Does home insurance cover mould damage?

All about moulds and your insurance cover.

Mould is a type of fungus that can easily grow almost anywhere there’s moisture. You’ve almost certainly seen what it can do to food.

The same thing can happen to your house if it’s left unchecked.

Does home insurance cover mould damage?

No. You can safely assume that home insurance won’t cover any damage caused by mould or for mould removal or cleaning, even if it resulted from an insured event.

For example, if a pipe bursts and floods a room then you might be covered for damage resulting from that leak under “escape of liquid” cover if it destroys a carpet.

But if that leak causes mould growth, then you won’t be covered for its removal or cleaning, or any damage that can be attributed directly to the mould rather than the burst pipe – even though it’s the pipe that caused the mould.

Mould and fungus is typically found as a general exclusion in home insurance policies, and will not be covered in any way.

Why doesn’t home insurance cover mould damage?

Home insurance won’t cover mould damage for two main reasons. Firstly, some mould growth is almost unavoidable, especially in more tropical areas of Australia. Secondly, it doesn't usually cause any damage if taken care of as quickly as possible.

So mould itself is unavoidable, while mould damage is preventable. Neither of those situations is intended to be covered by home insurance.

What to do if you’re a tenant with mould issues?

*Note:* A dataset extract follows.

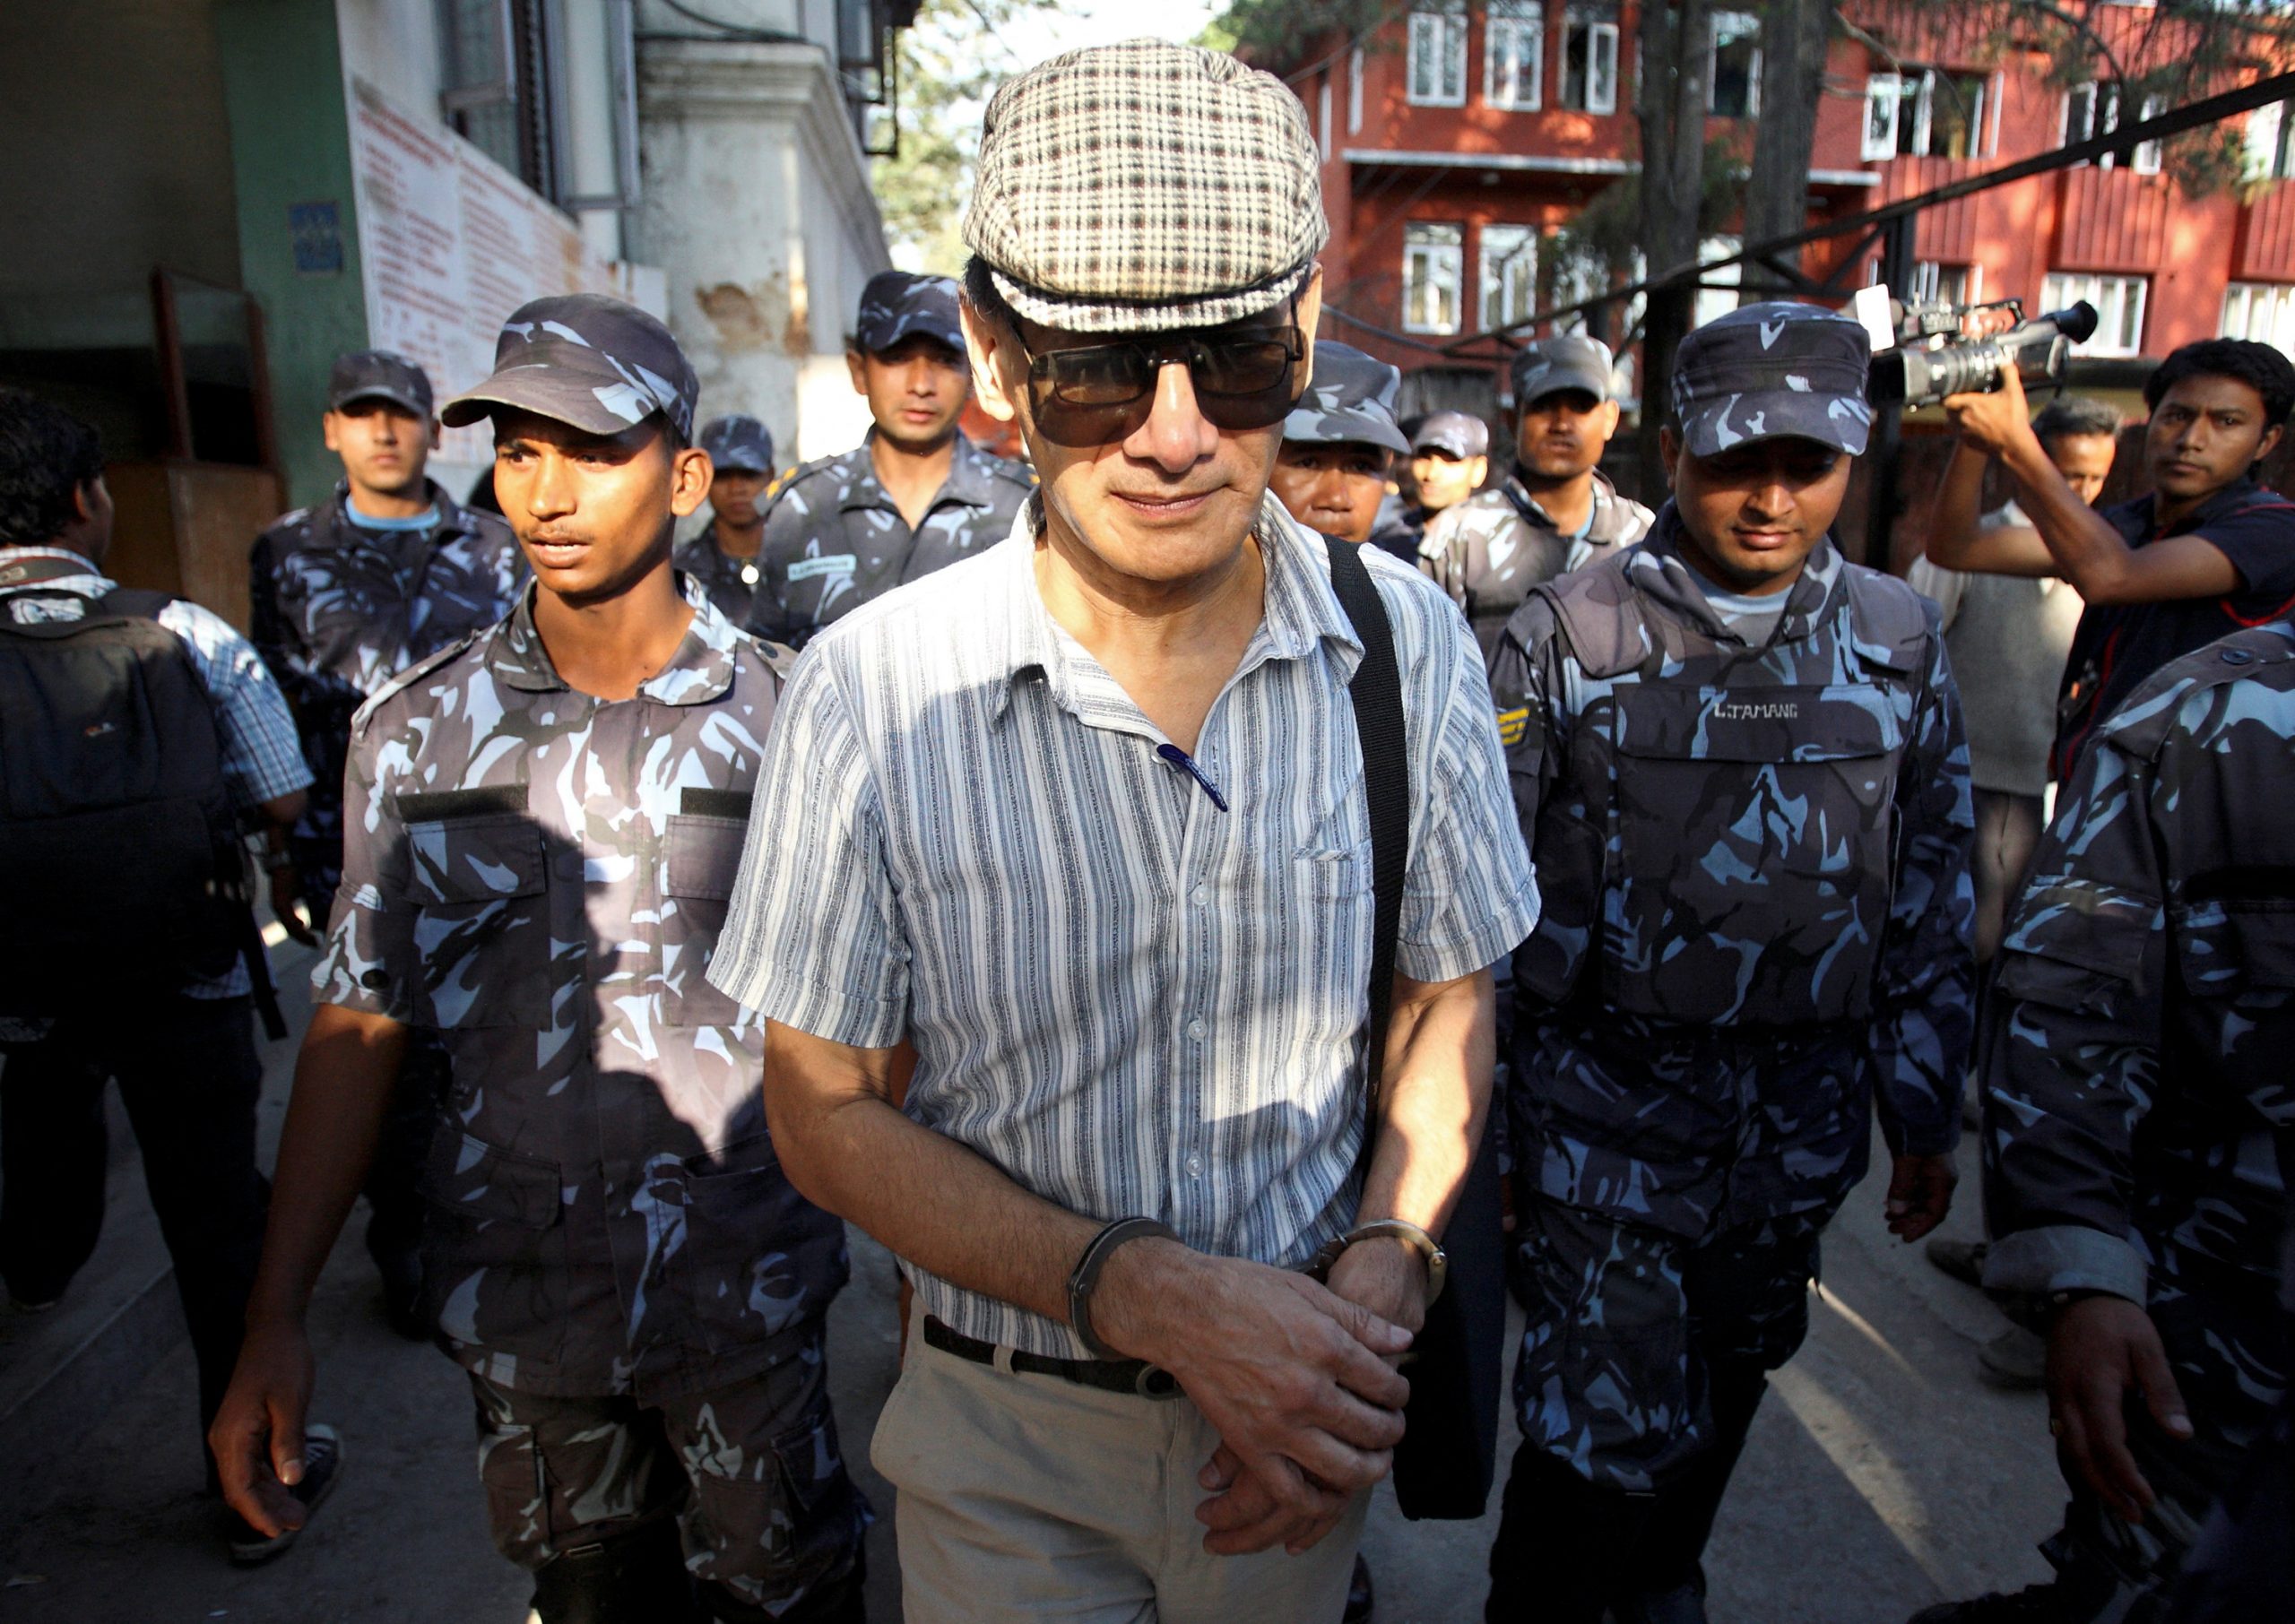 Γαλλία: Ο κατά συρροή δολοφόνος Charles Sobhraj επέστρεψε μετά από 20 χρόνια σε φυλακή του Νεπάλ

You’ll want to fix it as soon as possible. Depending on the surface, the extent of the problem and the type of mould, this might be as easy as simply wiping it away with a cloth, or it might need professional cleaning services.

In all cases you’ll want to make sure you follow the preventative steps going forwards. Without doing so, it’s probably just going to come back again quickly.

The cost of a mould removal service depends on the extent of the problem, the type of mould and the location. A quote might range from hundreds to thousands of dollars.

For example, you might be able to clean it away yourself for free, and then open a window. Or you might be paying thousands of dollars for actual home renovations in order to eliminate a source of rising damp. If this is the case, you need to involve the landlord.

When is a landlord responsible for mould?

Whether the landlord or the tenant is responsible for mould depends on the situation.

Generally, the landlord will only be responsible if the mould is there because of the landlord’s failure to fulfill their obligations.

This might be:

  • A failure to clean the property before renting it out to a new tenant
  • A failure to fix leaky pipes, which has led to mould growth
  • A failure to repair a leaking ceiling, which has led to mould growth
  • Ongoing problems with the building itself, such as rising damp

Meanwhile, the tenant might be responsible when the mould is caused by:

  • A failure to inform the landlord of problems with the property. For example, if the tenant knows there’s a leaky pipe beneath the sink but doesn’t tell anyone.
  • A failure to take reasonable steps to prevent mould growth, such as airing out a room or opening the windows to clear out moisture faster

So who’s responsible for mould?

Both the tenant and the landlord have certain obligations under a rental contract. If the growth of the mould, and subsequent damage, can be clear tied to the failure of one party to meet their obligations then that’s probably the party that’s responsible for it.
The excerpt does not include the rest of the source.